02 September 2019 07:00 BST

 

Brilinta reduced the risk of cardiovascular events in patients with

coronary artery disease and type-2 diabetes in Phase III THEMIS trial

 

Additionally, Brilinta showed a more favourable clinical benefit in a prespecified

sub-analysis of patients who had undergone a procedure to open a coronary artery

 

AstraZeneca today announced detailed results from the positive Phase III THEMIS trial which showed Brilinta (ticagrelor) plus aspirin reduced the relative risk for the composite of cardiovascular (CV) death, heart attack, or stroke by 10% compared with aspirin alone, a statistically significant reduction.

 

The overall THEMIS trial population was patients with coronary artery disease (CAD) and type-2 diabetes (T2D) with no prior heart attack or stroke.

 

Additionally, in a clinically meaningful and prespecified sub-analysis of patients who had previously undergone a percutaneous coronary intervention (PCI), a procedure to open a blocked or narrowed coronary artery, a 15% relative risk reduction was observed for Brilinta plus aspirin for the composite of CV death, heart attack, or stroke, compared with aspirin alone.

 

The safety profile for Brilinta was consistent with the known profile of the medicine with an increased risk of bleeding events observed in both THEMIS and the THEMIS-PCI sub-analysis.

 

Mene Pangalos, Executive Vice President, BioPharmaceuticals R&D, said: "These positive results show that Brilinta reduced the risk of cardiovascular events in patients with coronary artery disease and type-2 diabetes, and we hope this will make a difference because their risk of heart attack or stroke is almost twice as high as it is among diabetes patients without cardiovascular disease.

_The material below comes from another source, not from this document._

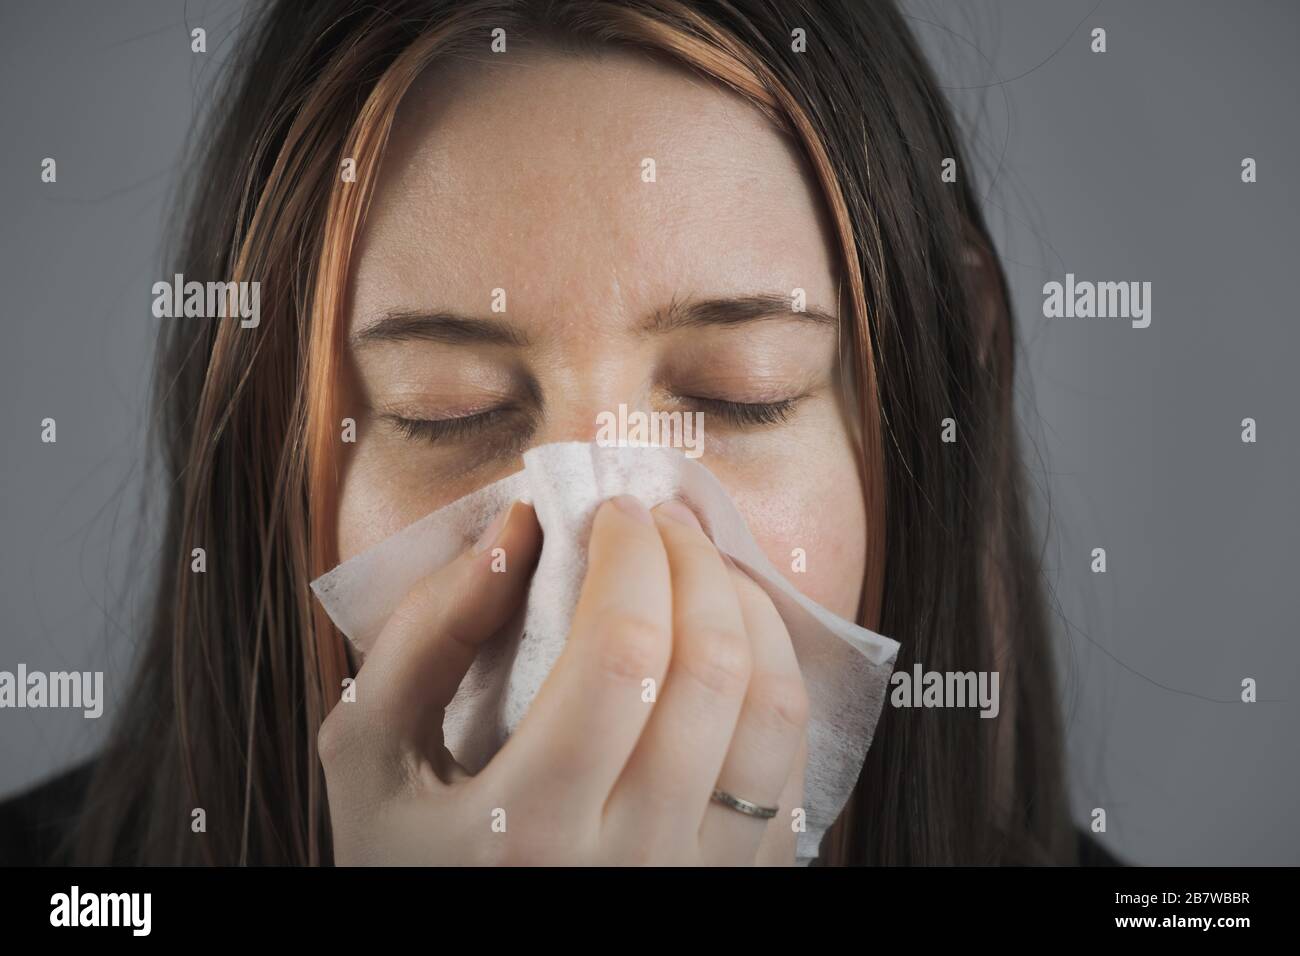 Sneezing, coughing or blowing nose in a single use paper towl. Concept of catching cold, virus or infection and not spreading it Stock Photo

Also, for the first time, these new data identified an easily-recognisable sub-group of stable patients who may benefit most from Brilinta - those with type-2 diabetes who have undergone PCI."

 

Deepak L. Bhatt, MD, MPH, THEMIS Co-Chair and Executive Director of Interventional Cardiovascular Programs at Brigham and Women's Hospital, and Professor of Medicine at Harvard Medical School, Boston, US said: "So far, treatment options have been limited for patients with coronary artery disease and type-2 diabetes. The results from THEMIS greatly advance our understanding of cardiovascular risk reduction and refine our understanding of the role of dual antiplatelet therapy in patients across the cardiovascular spectrum."

Gabriel Steg, MD, THEMIS Co-Chair and Professor at Université de Paris, said: "Patients with type-2 diabetes who had undergone a percutaneous coronary intervention, face a similar risk of a cardiovascular event as those who have had a heart attack. The PCI population is a sizeable and easily identifiable group of patients where we saw a more favourable net clinical benefit, that we hope in the future will be considered for long-term therapy with Brilinta and aspirin."

AstraZeneca will work with regulatory authorities to explore an update to the Brilinta label based on these results.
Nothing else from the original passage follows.